Figure Technology Solutions (FIGR) surged over 16% today to reach $64.96 as news of potential AI partnerships and aggressive expansion plans hit the market.

This rally builds on a roughly 12.5% jump yesterday, pushing the stock toward its 52-week high of $64.98.

Current Price $64.96
Daily Change +16.37% 🟢
Day Range $55.82 – $64.98
52-Week Range $30.01 – $64.98

Market analysis indicates the surge is driven by a combination of strategic catalysts, including ongoing discussions with a leading AI company and a significant revenue beat.

CEO Michael Tannenbaum also recently signaled plans for European expansion, further boosting investor confidence in the company’s growth trajectory.

The stock's performance today significantly outpaced the Capital Markets industry average change of about 2.4%.

While peer company Riot Platforms (RIOT) gained over 13%, other sector players like Freedom Holding Corp (FRHC) and Nomura Holdings (NMR) saw declines.

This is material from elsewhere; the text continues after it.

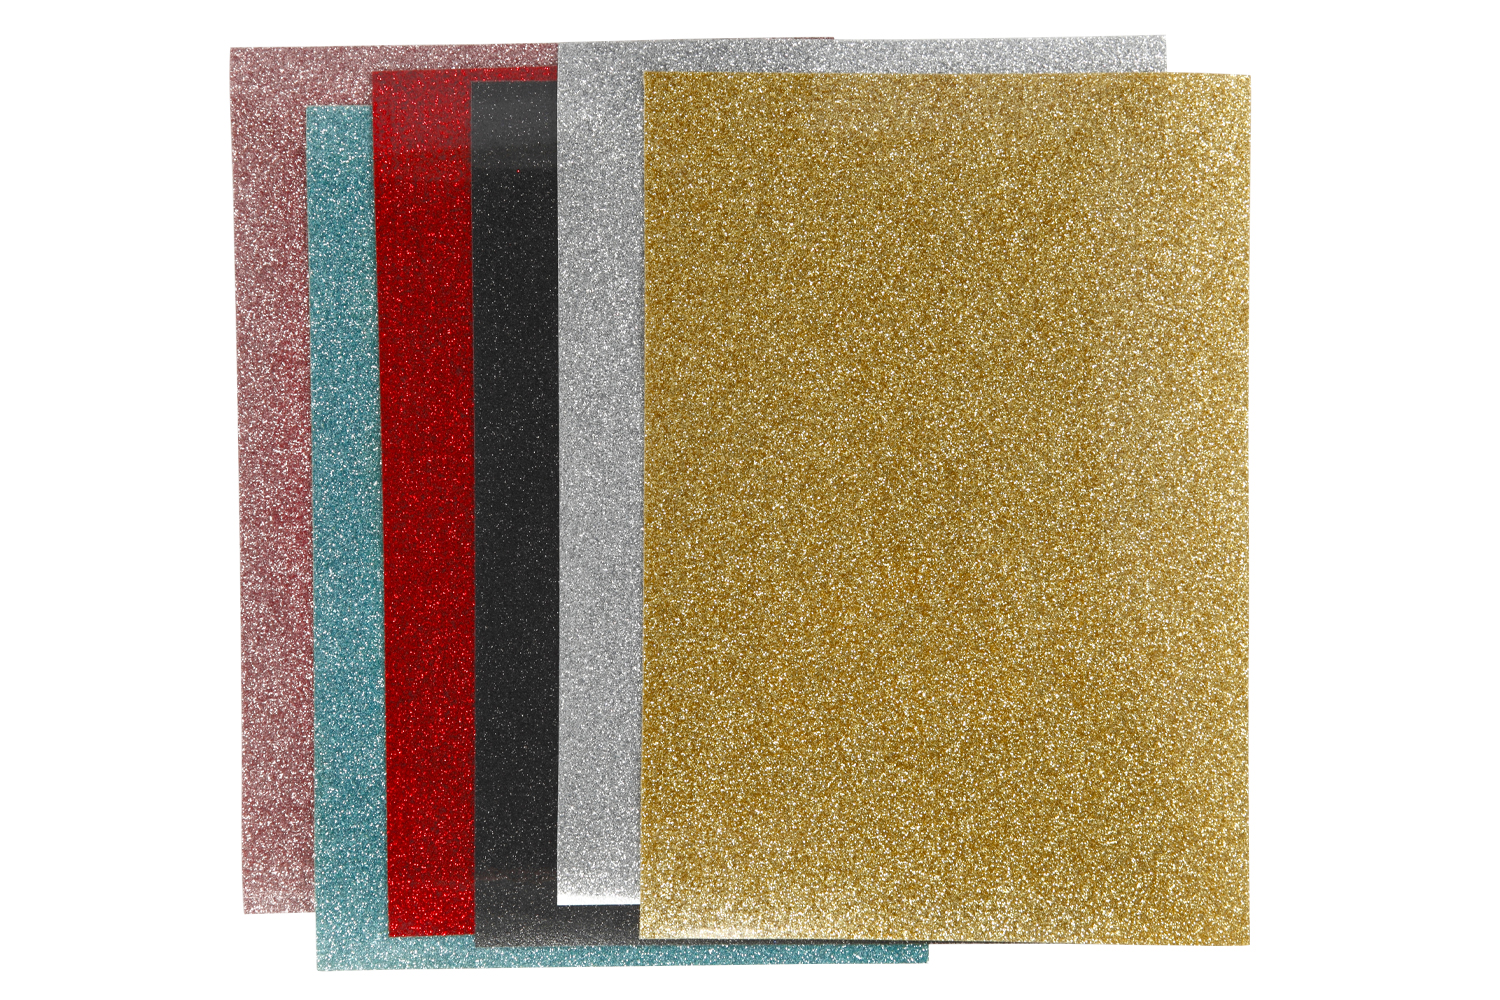 Papier transfert textile pailleté - 14,8 x 21 cm - Rosé - 1 pce - Transfert  textile - Creavea

Company Symbol Daily Change Industry Avg Change
Riot Platforms RIOT +13.31% 🟢 +2.37%
Freedom Holding Corp FRHC -1.86% 🔴 +2.37%
Nomura Holdings NMR -1.12% 🔴 +2.37%
Figure Tech FIGR +16.37% 🟢 +2.37%

Key Takeaways

  • FIGR shares climbed more than 16% today to $64.96, following a strong rally on January 15.
  • Multiple catalysts include potential AI partnerships, a revenue beat, and European expansion plans.
  • Wall Street analysts at Piper Sandler and Bernstein raised price targets to $75 and $72, respectively.
  • Preliminary Q4 data shows consumer loan marketplace volume hit $2.7 billion, a 131% year-over-year increase.
  • The company is expanding its blockchain footprint via the Solana-based $YLDS stablecoin and an RWA consortium.
Time Period Price Change Performance
1 Month +70.59% 🟢
3 Months +45.58% 🟢
6 Months -87.01% 🔴
1 Year -87.01% 🔴

Strategic Catalysts Fueling the Rally

The immediate momentum for Figure Technology Solutions stems from reports that strategic partnership discussions with a prominent AI company are heating up.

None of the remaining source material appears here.